Maybe the ronery midget nutbag who runs the world’s worst country is not guilty after all:
FBI agents investigating the Sony Pictures hack were briefed Monday by a security firm that says its research points to laid-off Sony staff, not North Korea, as the perpetrator — another example of the continuing whodunnit blame game around the devastating attack.
Even the unprecedented decision to release details of an ongoing FBI investigation and President Barack Obama publicly blaming the hermit authoritarian regime hasn’t quieted a chorus of well-qualified skeptics who say the evidence just doesn’t add up.
Researchers from the cyber intelligence company Norse have said their own investigation into the data on the Sony attack doesn’t point to North Korea at all and instead indicates some combination of a disgruntled employee and hackers for piracy groups is at fault.

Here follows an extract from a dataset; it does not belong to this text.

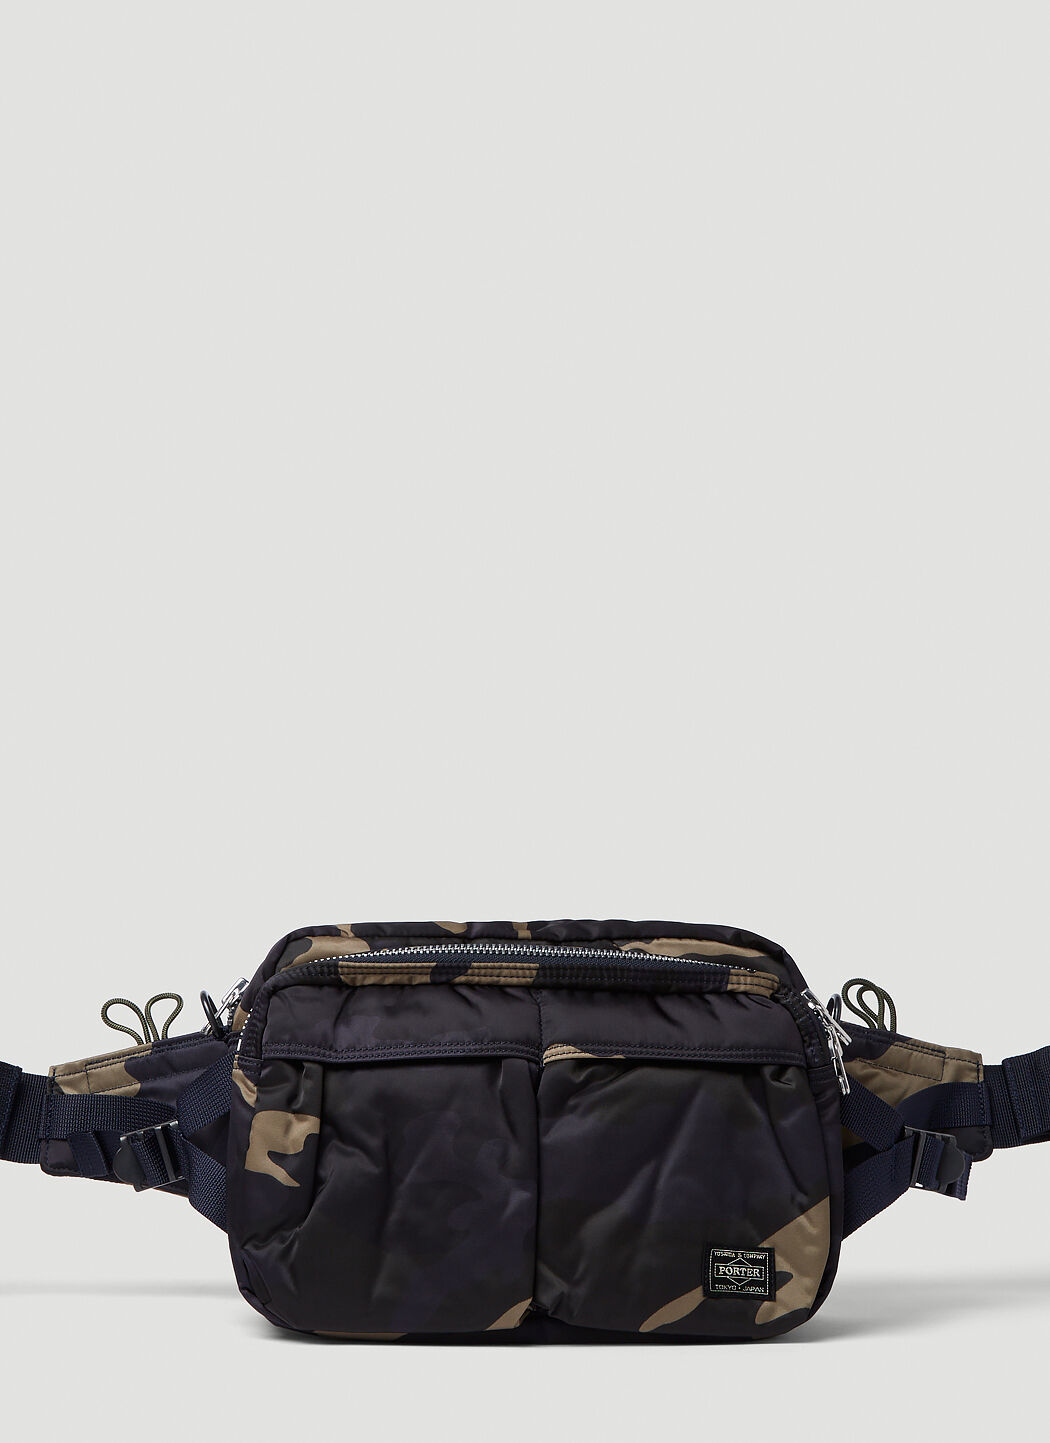 Porter-Yoshida and Co | Tanker 2Way Nylon Duffle Bag | Men | Black |  MILANSTYLE.COM

Out front on this aspect of the story has been Charles C. Johnson’s website, which now claims to have identified a “person of interest” in the hack. Meanwhile, the FBI is standing by its conclusions, but:
Security expert Bruce Schneier called the evidence “circumstantial at best” and considered a number of other possible explanations. CloudFlare principal researcher and DefCon official Marc Rogers wrote that the FBI’s indicators seem to rely on malware that is widely available for purchase and IP addresses easily hijacked by any bad guy. Errata Security’s Robert Graham also noted the hacker underground shares plenty of code, calling the FBI’s evidence “nonsense.”
So who done it? Was it an inside job?